WORK ITEM: Please print, exactly, only the lines in the entries below from the line that has "dame-kanchou-or-useless-captain-chapter-01-page-12.jpg" through the line that has "cargo pants camouflage". Pictures don't go in.
-- DATASET CONTENT follows --
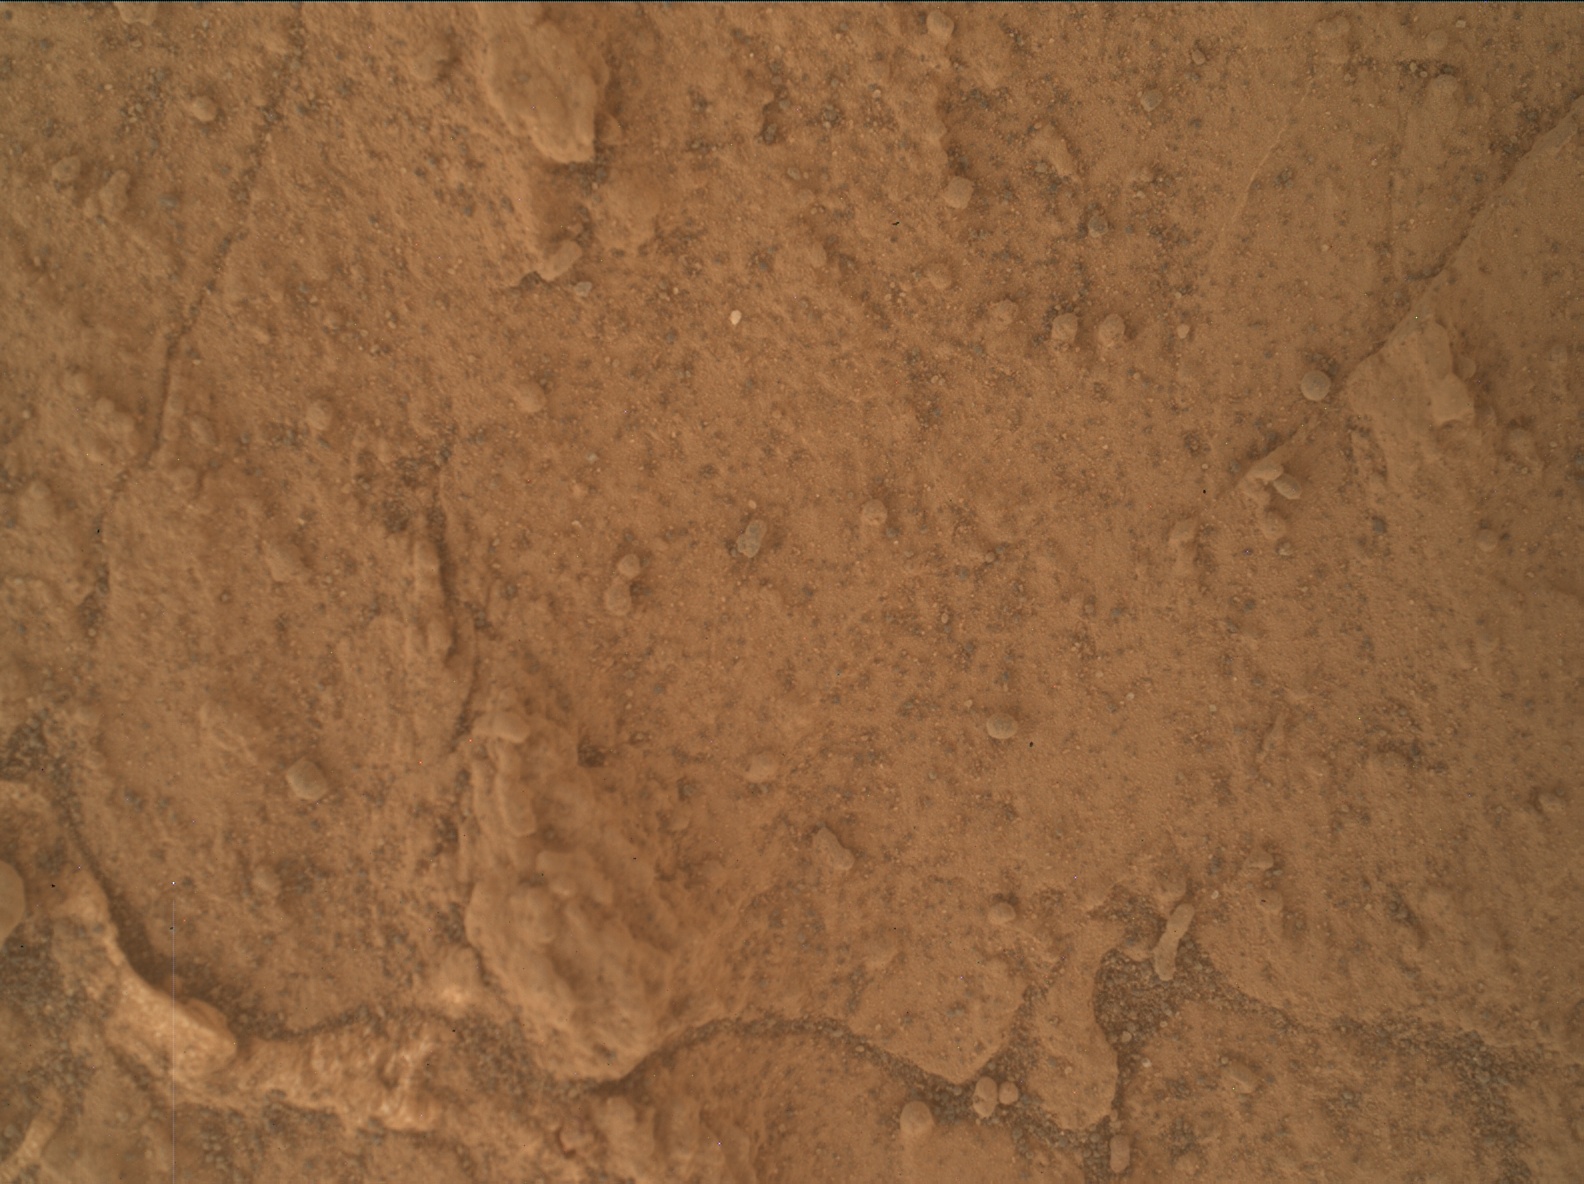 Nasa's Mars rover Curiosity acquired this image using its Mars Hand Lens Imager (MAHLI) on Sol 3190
-- DATASET CONTENT concluded --
-- DATASET CONTENT follows --
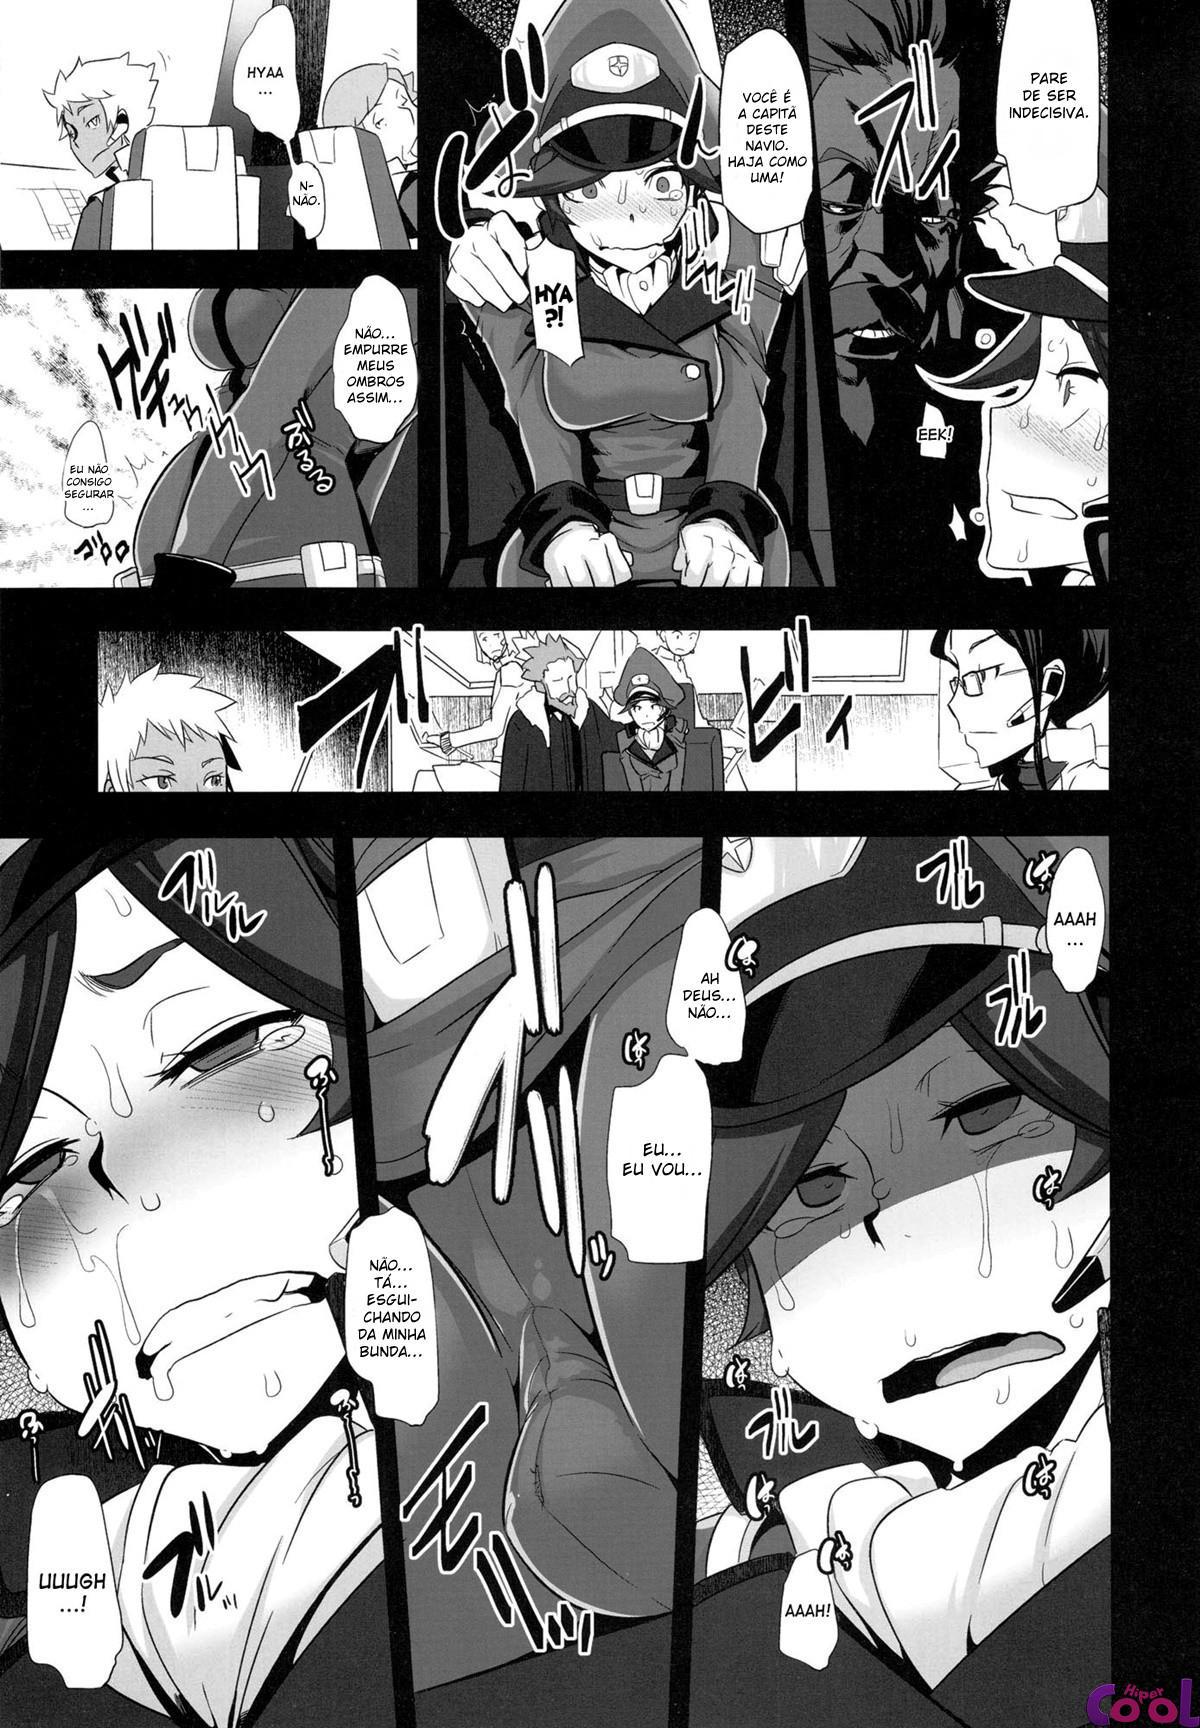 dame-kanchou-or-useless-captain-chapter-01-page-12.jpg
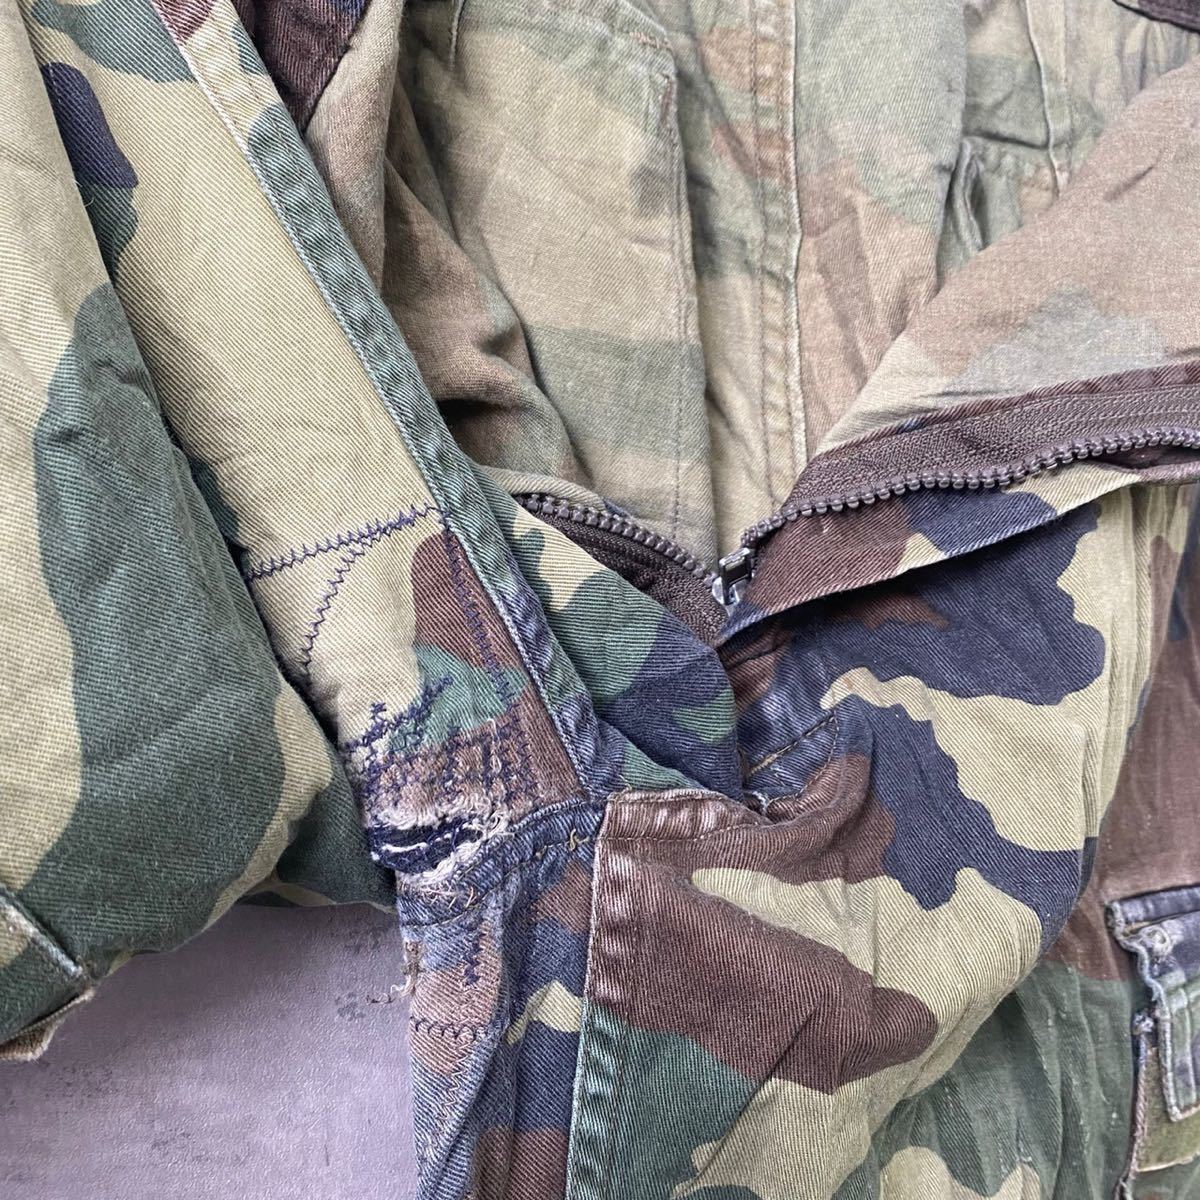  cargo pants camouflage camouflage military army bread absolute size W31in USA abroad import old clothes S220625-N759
-- DATASET CONTENT concluded --
REPLY TO THE TASK:
 dame-kanchou-or-useless-captain-chapter-01-page-12.jpg
  cargo pants camouflage camouflage military army bread absolute size W31in USA abroad import old clothes S220625-N759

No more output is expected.